Plenty To Say

can't speak

This summer, my imprint 79 rat press will be launching NOTHING TO SAY, a project featuring pieces and collections from some of the very best poets currently writing in the UK, and one or two beyond. There will also be an exhibition after the fashion of the great YBA shows like Freeze and Sensation, and in keeping with our general multimedia approach, our covers, posters and exhibition will feature the work of one of the most exciting new photographers in the UK. I recently got to ask a few questions to the ridiculously talented Eleanor Bennett, who has already won a humungous number of prizes, and has just been made the new children’s editor for poetryspace:

DH: You’ve worked a fair bit with publishers of books and magazines with a very contemporary feel to produce some very striking covers. What is it about your work that makes it fit this role so well?

EB: I produce so much work and so often that it is difficult for my clients to ask for images I can’t provide. My library of images is always growing daily. I had such a passion for reading as a child that converting my exhibited and award winning images to book covers seemed the obvious route for me. Me and my Mum used to take home from my library enough books to break my backpack when I about 6. I was a massive fan of fiction and non-fiction on Egyptian mummies. It shows now in the fact I love doing horror cover art and fiction artwork.

DH: What do you prefer as a subject, the city or the country?

EB: As a choice the city. I don’t often get much time to do photography so when I do I like a large mass of subjects surrounding me all at once. My favourite places to photograph are museums, grand houses, auctions, thrift shops and built up areas. A lot of my newer work survives on texture and clashing. In the countryside outside of the magic hour I can be more inclined to becoming bored. I would rather have too much to photograph than too little.

DH: What one thing would you like to show people about the world?

EB: I may sound naive but I would like to appeal to all tastes with my work. Seeing as I am universally published by so many different countries so often I can say with my work I want to create unity.

DH: With whom would you most like to work?

EB: People who are underrepresented by the media. I notice imbalance in what is covered and what art is created out of. Especially with my cover art. I want to give everyone a chance to become the cover star eventually. Only problem currently is because of my age I’m not allowed to travel to meet those new faces. As soon as that changes I would tell my current audience to expect big changes. I prefer my cover art of contemporary objects as apposed to self portraits for the uniqueness. Because of my current lack of travel I invest in the knowledge that objects can tell all stories.

DH: Your collections have a wonderful feel of both movement through the pieces and unity. How do you go about putting a collection together?

EB: I was putting collections of images together when I was 12. Even making little youtube music slideshows accompanied by britpop and indie music. I’ve always loved technology. And in my very early days practising in that helped me evolve into the collections I compile today. Tone, lighting and composition aid me and make the following featured image in the set almost obvious to what the viewer would like to find next.

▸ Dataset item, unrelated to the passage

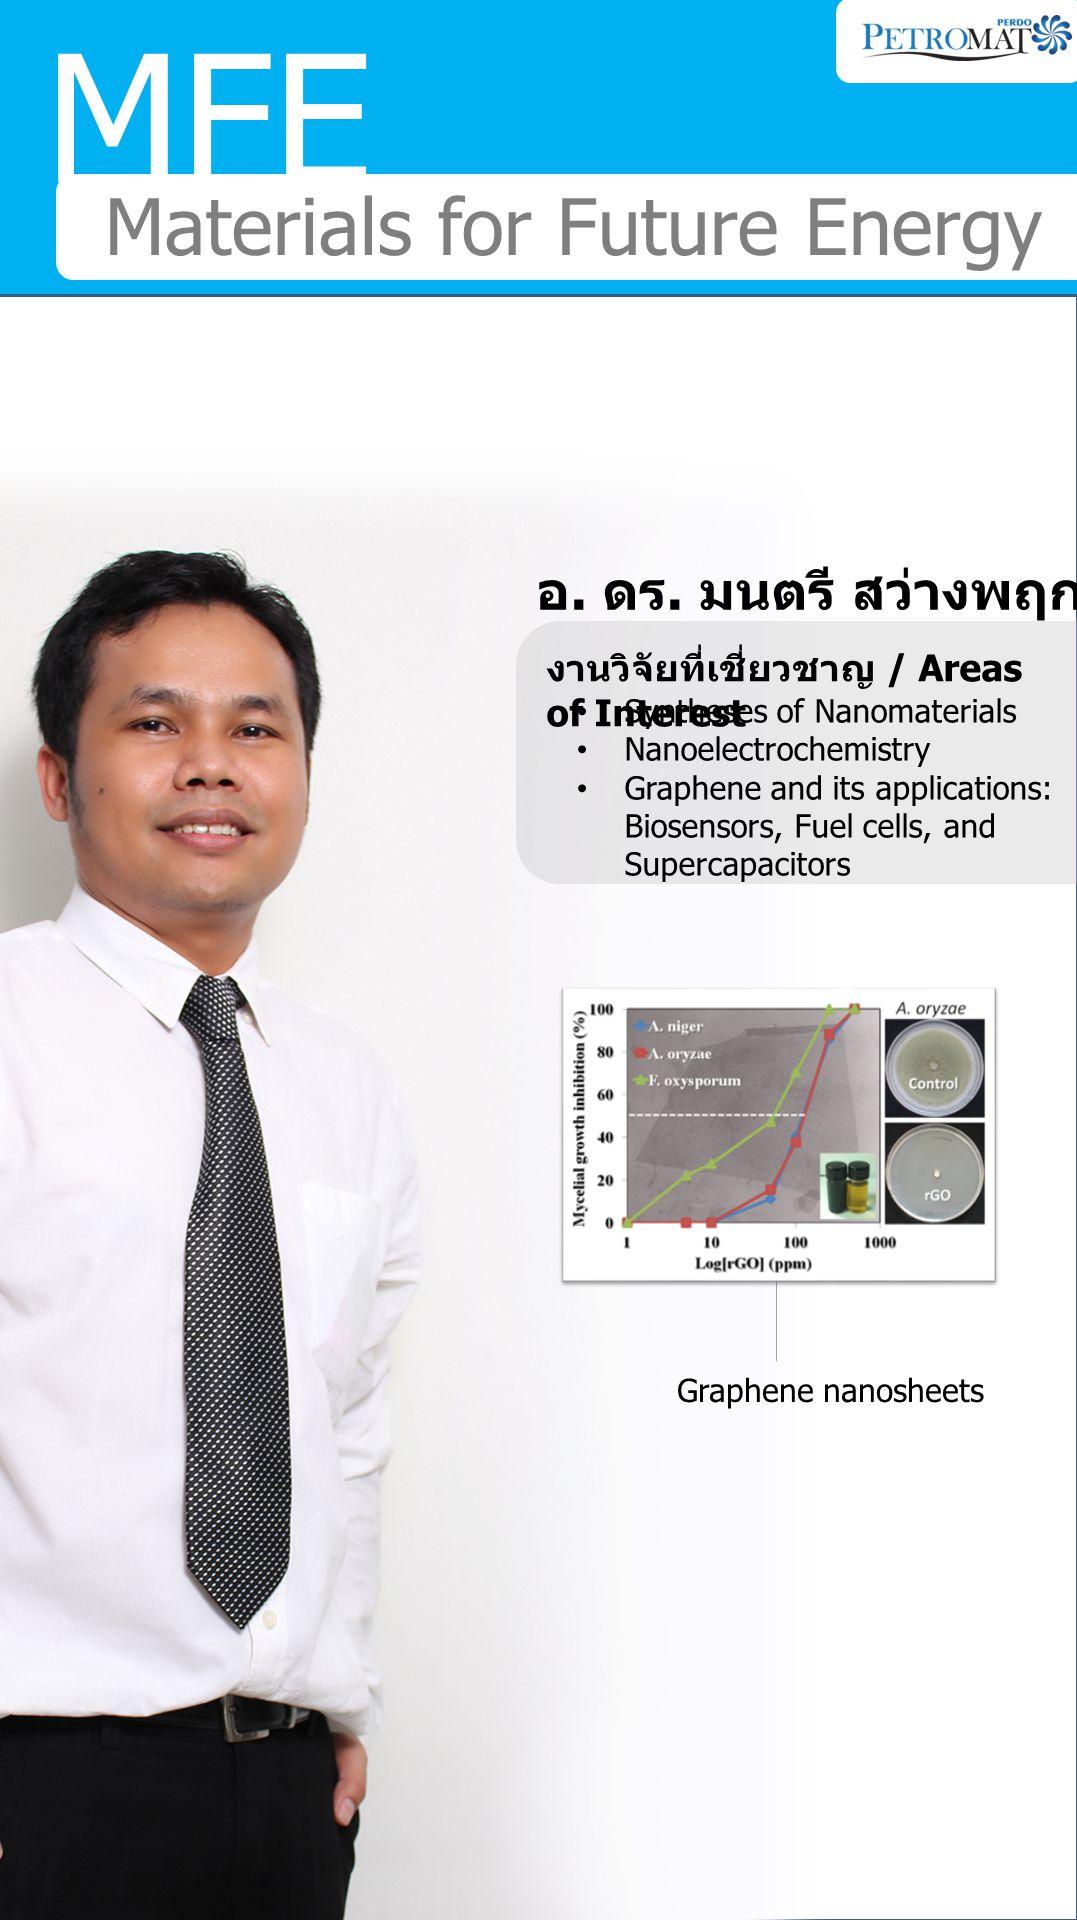 MFE Materials for Future Energy ศ. ดร. ธราพงษ์ วิทิตศานต์ งานวิจัยที่เชี่ยวชาญ / Areas of Interest Biomass to liquid gas and solid fuels FT and methan

DH: You would like to be known as…

EB: the youngest to win the most major art awards in the United Kingdom

DH: You will be known as…

EB: the girl who never sleeps

DH: What do we not look at enough as a society?

EB: the finest art pieces in the world. The type of work kept hidden in private collections, auctioned at Christies and never seen again. Photographs, sculpture, automatons,music boxes, jewellery, historic portraiture ect

DH: What do we spend too much time looking at?

EB: what we are manipulated/forced/coerced to.